Unbabel, a tech company that provides both machine and human-based translation services for businesses, has created a new AI model that it says beats OpenAI’s GPT-4o and other commercially-available AI systems on translation between English and six commonly-spoken European and Asian languages.

Translation has been one of the more attractive business use cases for large language models (LLMs), the kind of AI systems that underpin chatbots like OpenAI’s ChatGPT, Google’s Gemini, and Anthropic’s Claude. And to date, GPT-4o, the latest version of OpenAI's most powerful AI model, has outperformed all competitors when it came to translating languages for which large amounts of digital text exists. (GPT-4’s performance on “low resource languages,” which have far fewer digital documents to train from, has never been as good.)

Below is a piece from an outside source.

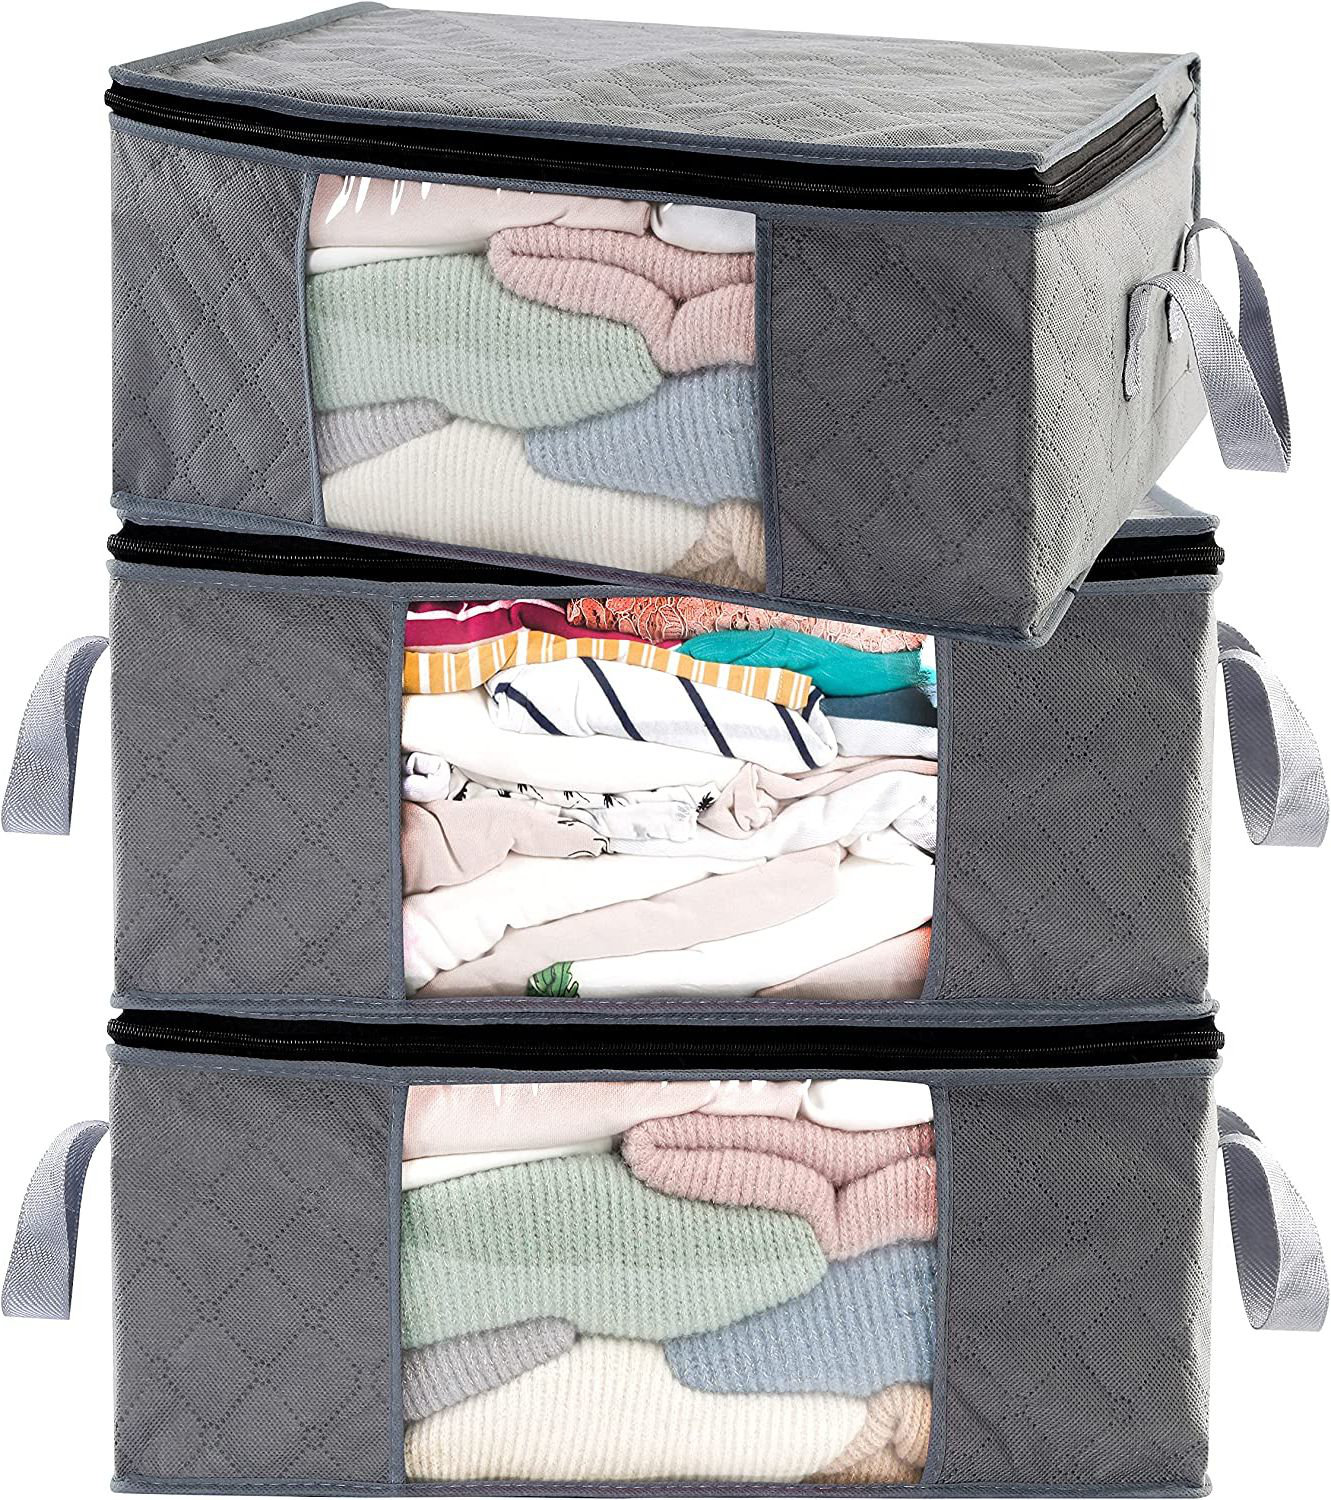 https://assets.wfcdn.com/im/64242061/compr-r85/2278/227827652/bin-bag-closet-organizer-sweater-clothes-organizer-3-pack.jpg

Unbabel tested its AI model, which it calls TowerLLM, against GPT-4o and the original GPT-4, as well as OpenAI's GPT-3.5 and competing models from Google and the language translation company DeepL. It looked at translation from English to Spanish, French, German, Portugese, Italian, and Korean. In almost every case, TowerLLM narrowly edged out GPT-4o and GPT-4. TowerLLM's highest accuracy came in English-Korean translations, where it beat OpenAI's best models by about 1.5%. On English-German translations, GPT-4 and GPT-4o were a fraction of a percentage point better.

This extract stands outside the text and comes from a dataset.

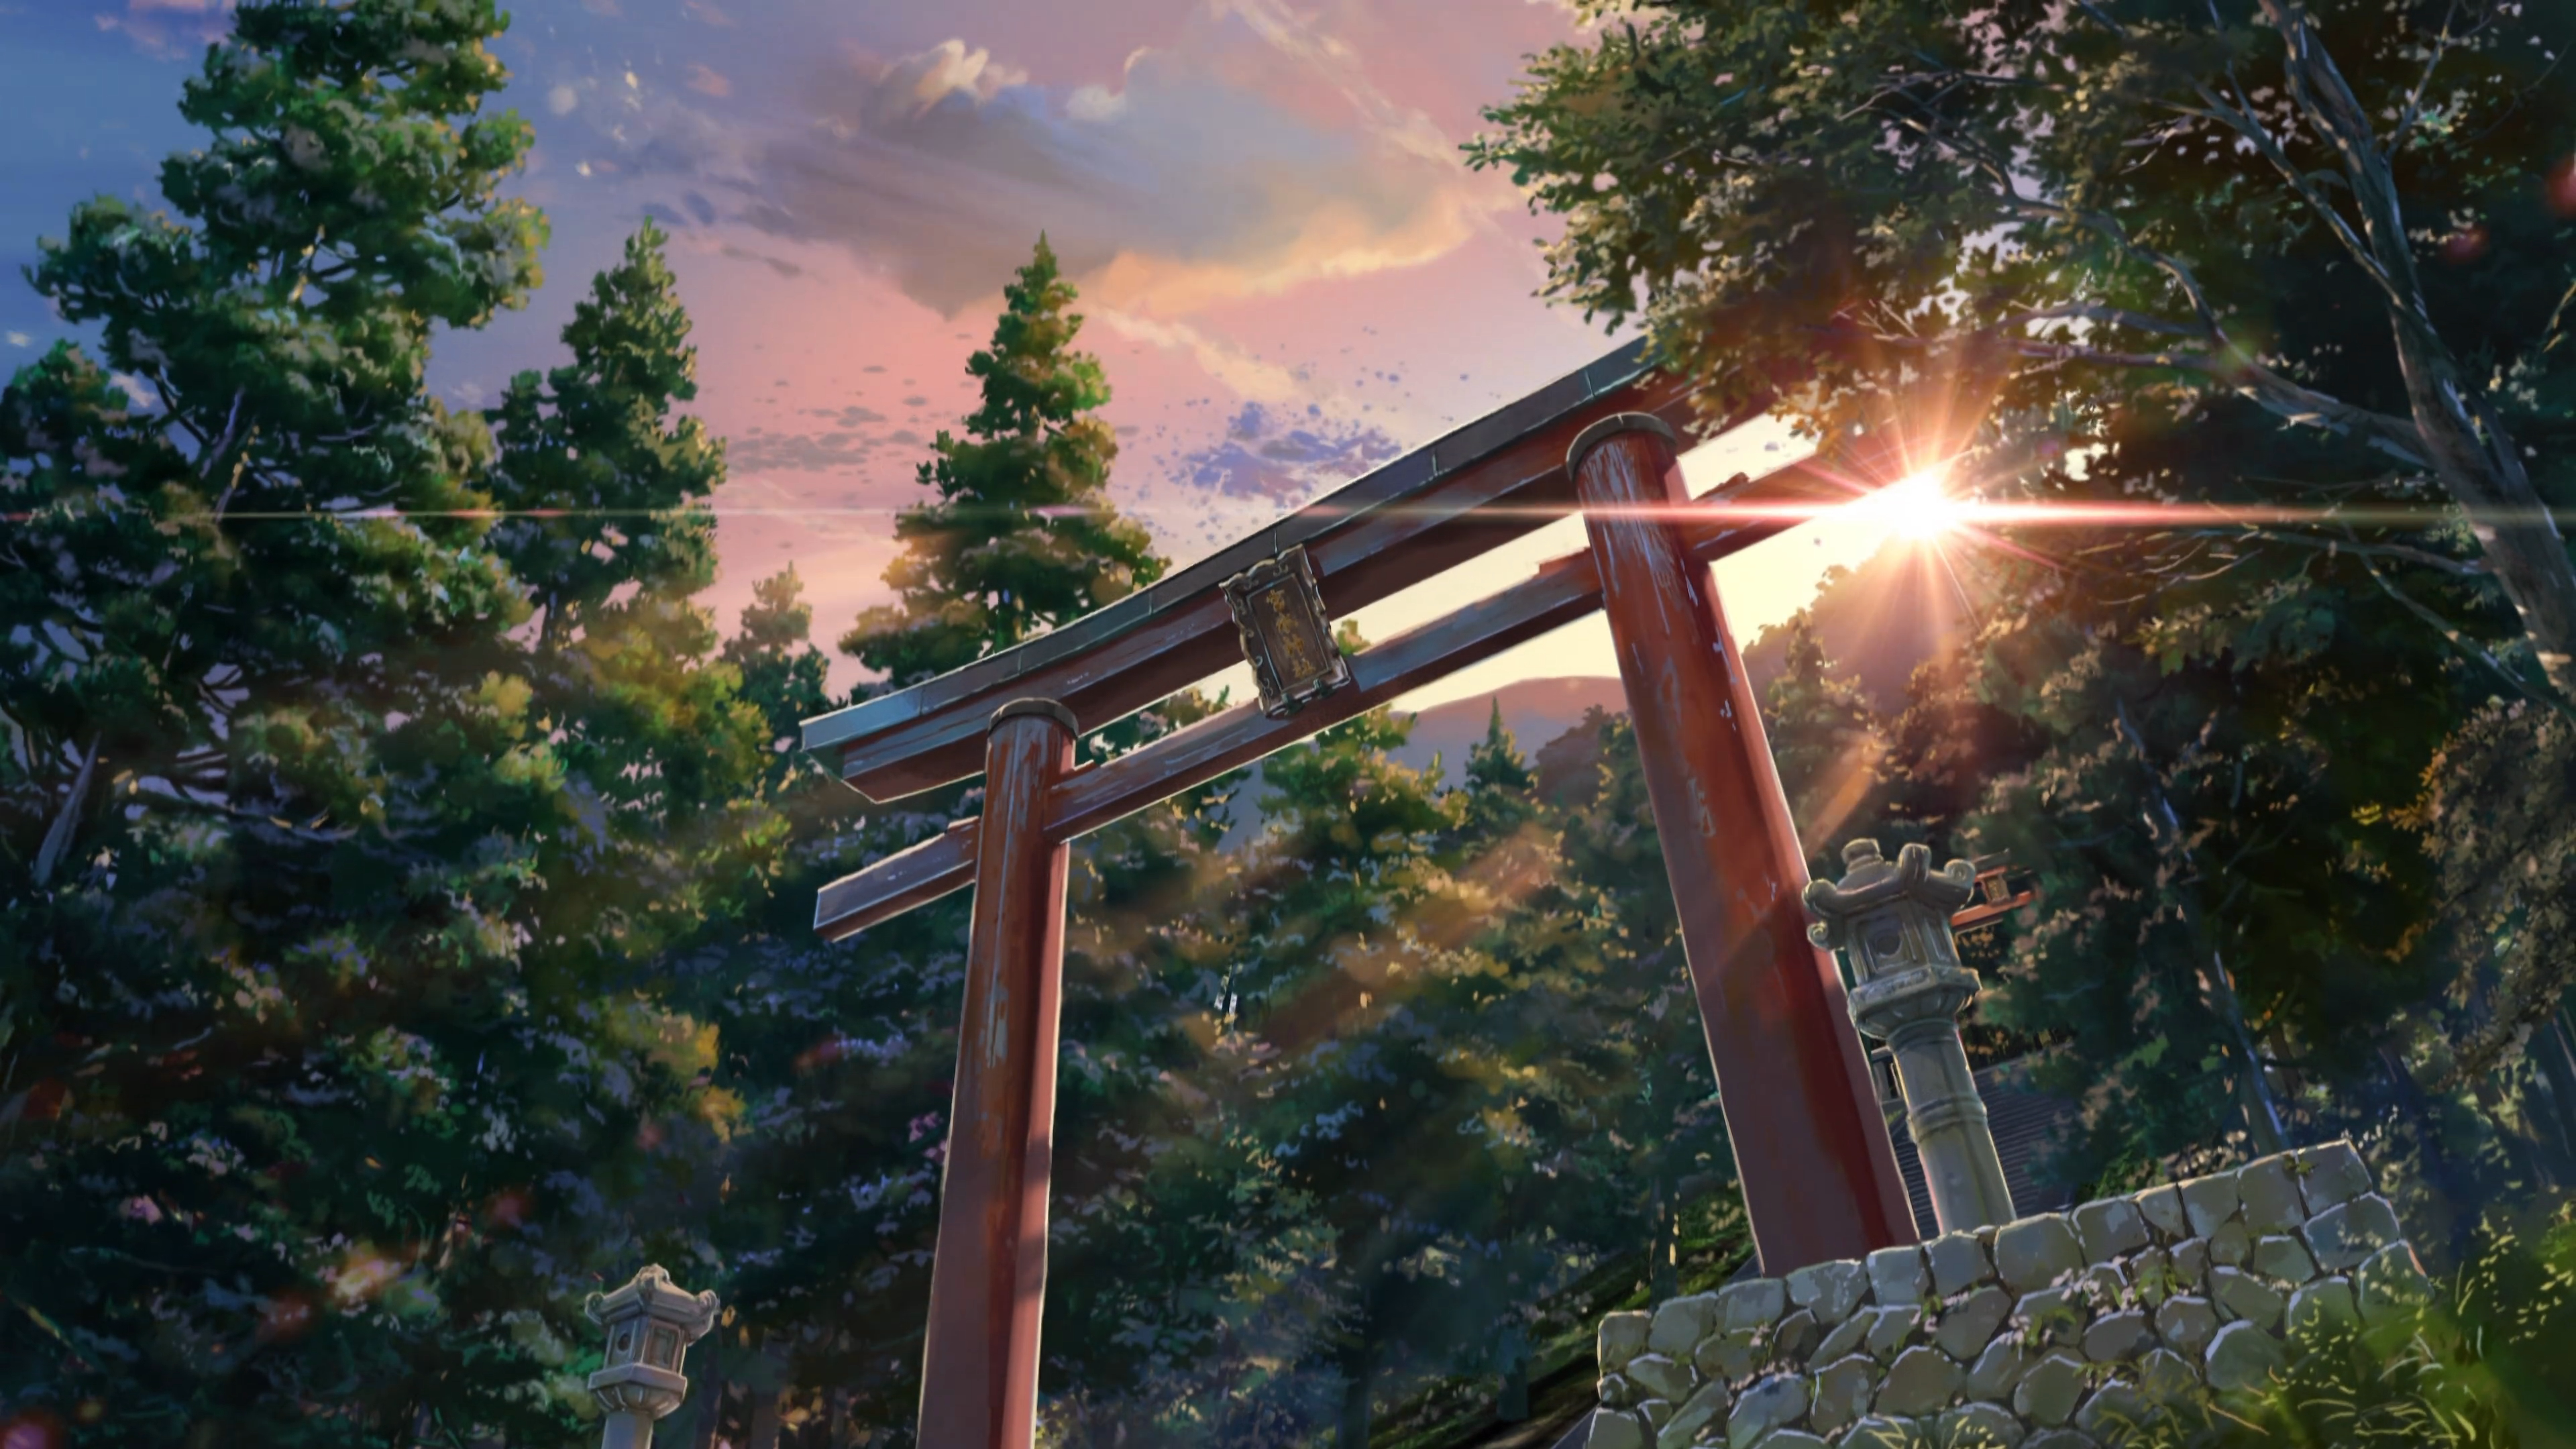 fond d'écran wa,la nature,ciel,torii,arbre,matin

Unbabel also tested its model on translations of documents for specific professional domains, such as finance, medicine, law, and technical writing. Here again, TowerLLM performed between 1% and 2% better than OpenAI's best models.

Unbabel's results have not been independently verified, but if confirmed, the fact that GPT-4 has now been bested at translation may indicate that the model, which has remained the top performing LLM on most language benchmarks despite having debuted 15 months ago—an eternity in the fast-paced world of AI development—may now be vulnerable to newer AI systems being trained with different methods. OpenAI is reportedly training a more powerful, newer LLM—although its release date remains uncertain.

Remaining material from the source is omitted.